===== Recorded information =====

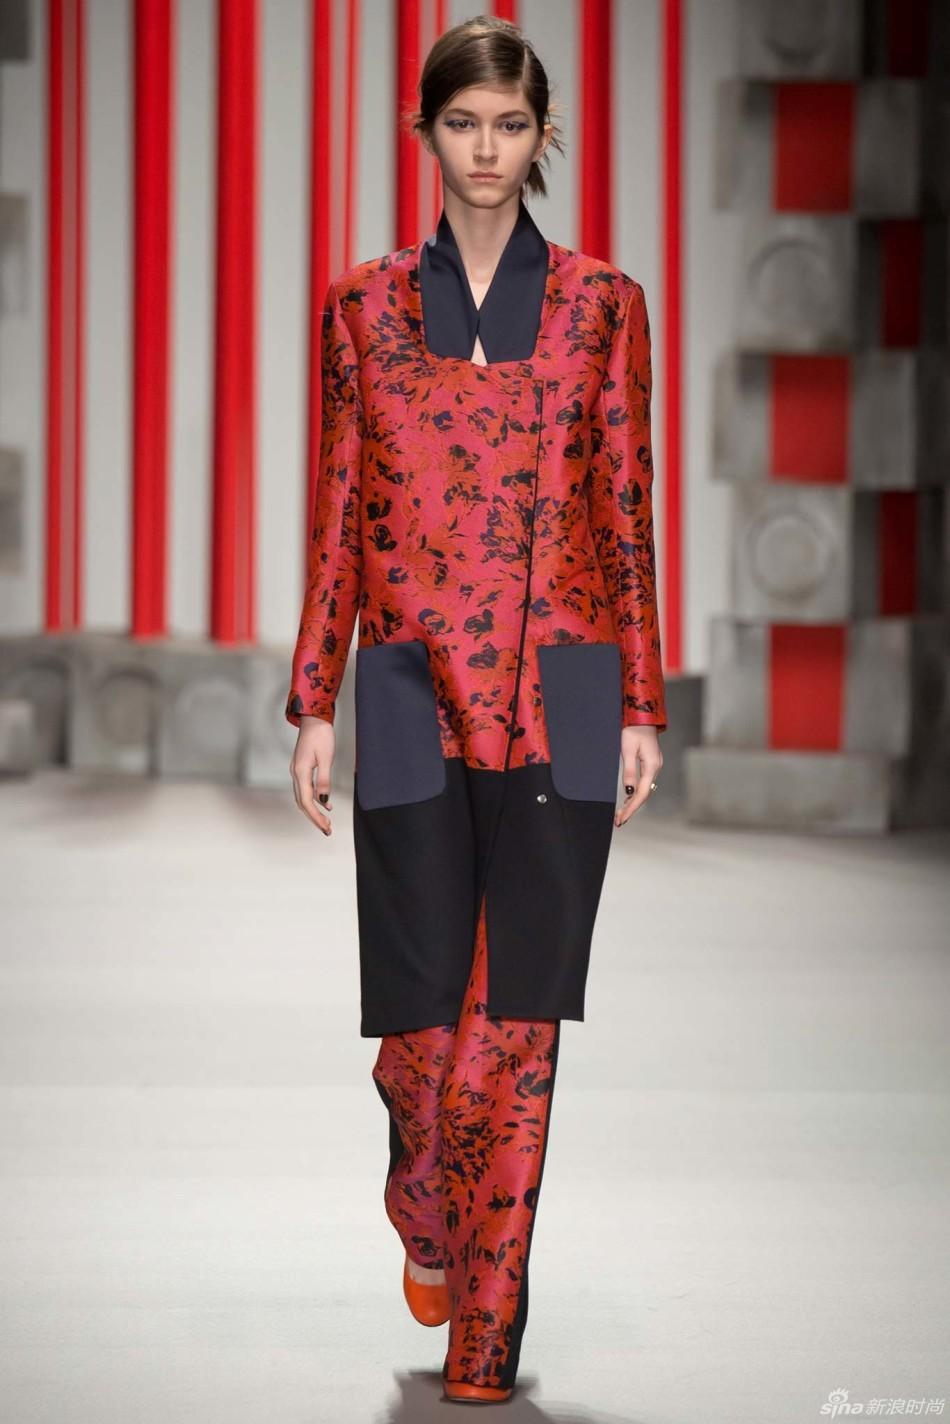 2015年 秋冬高级成衣 Eudon Choi(尤登・崔) 伦敦时装周 图片
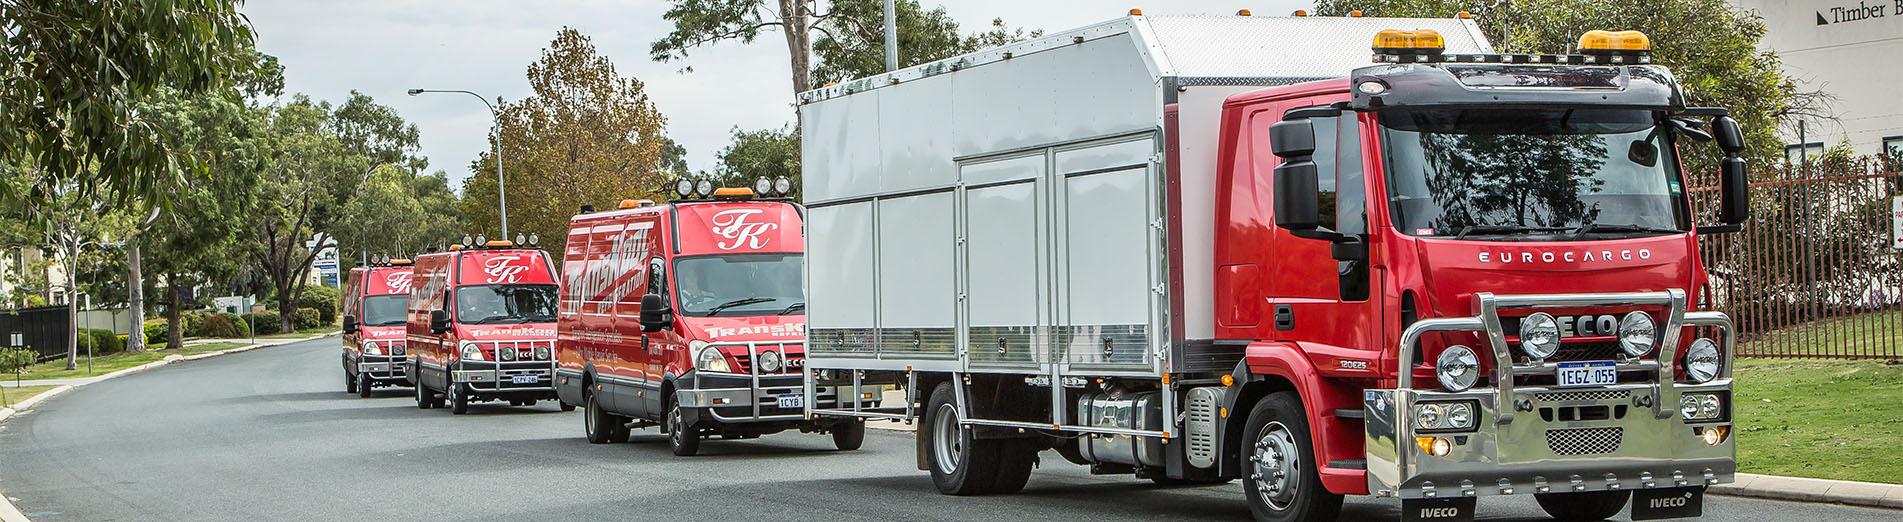 trasnkool trucks
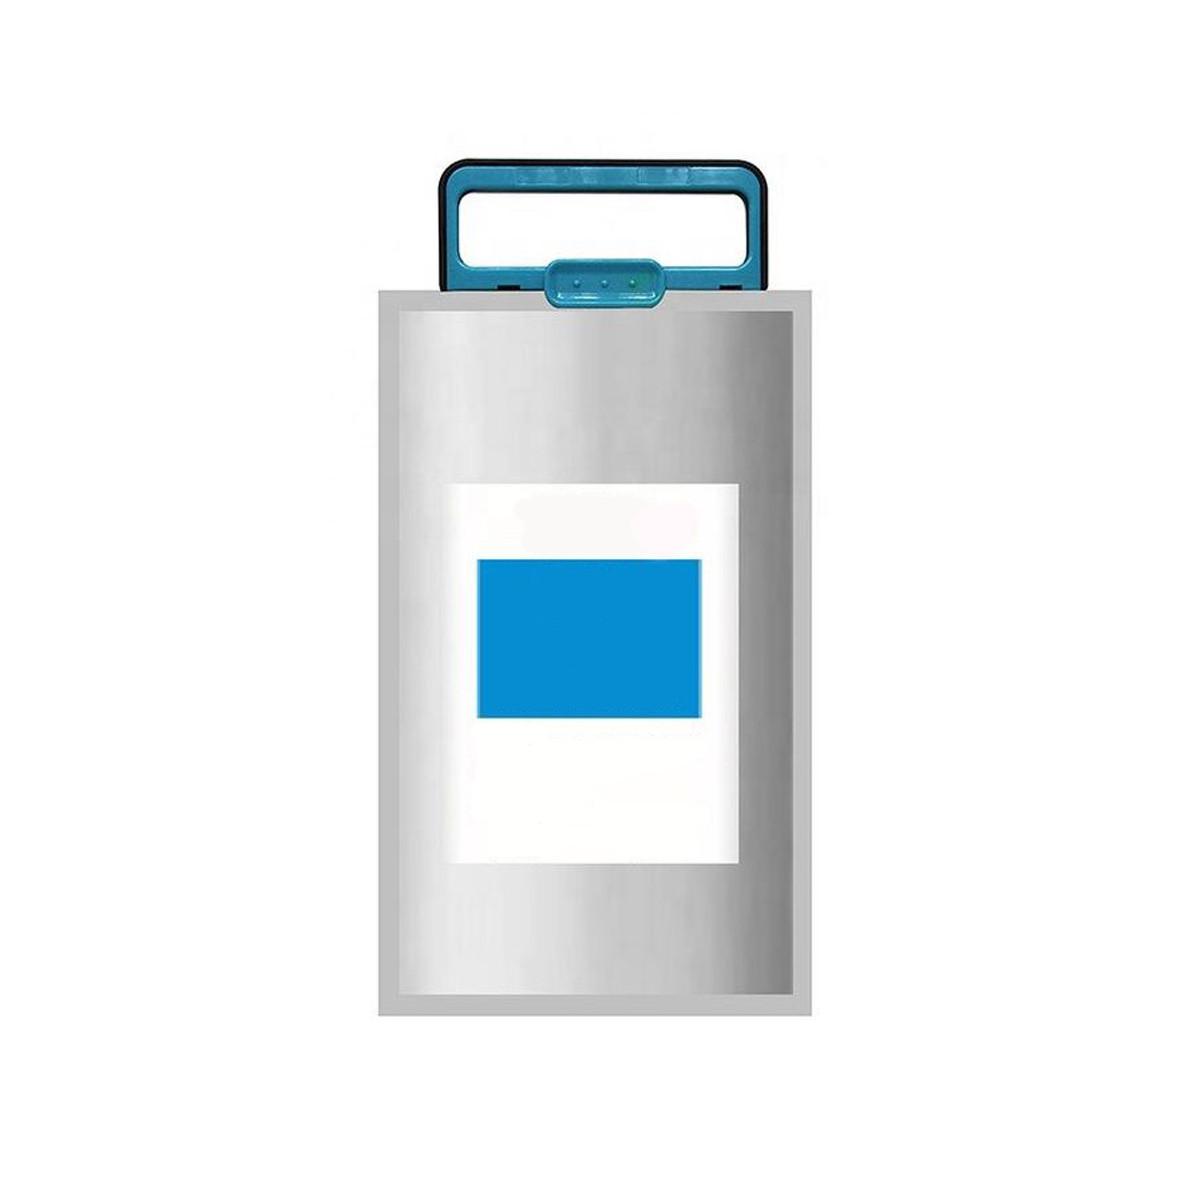 Tinta Compatível com Epson Ink Bag Ciano   WF-C869 WF-C860   22k

=====

— Aim of the exercise —
Repeat the material above exactly; any picture in it is left out.

— Answer —
 2015年 秋冬高级成衣 Eudon Choi(尤登・崔) 伦敦时装周 图片
 trasnkool trucks
 Tinta Compatível com Epson Ink Bag Ciano   WF-C869 WF-C860   22k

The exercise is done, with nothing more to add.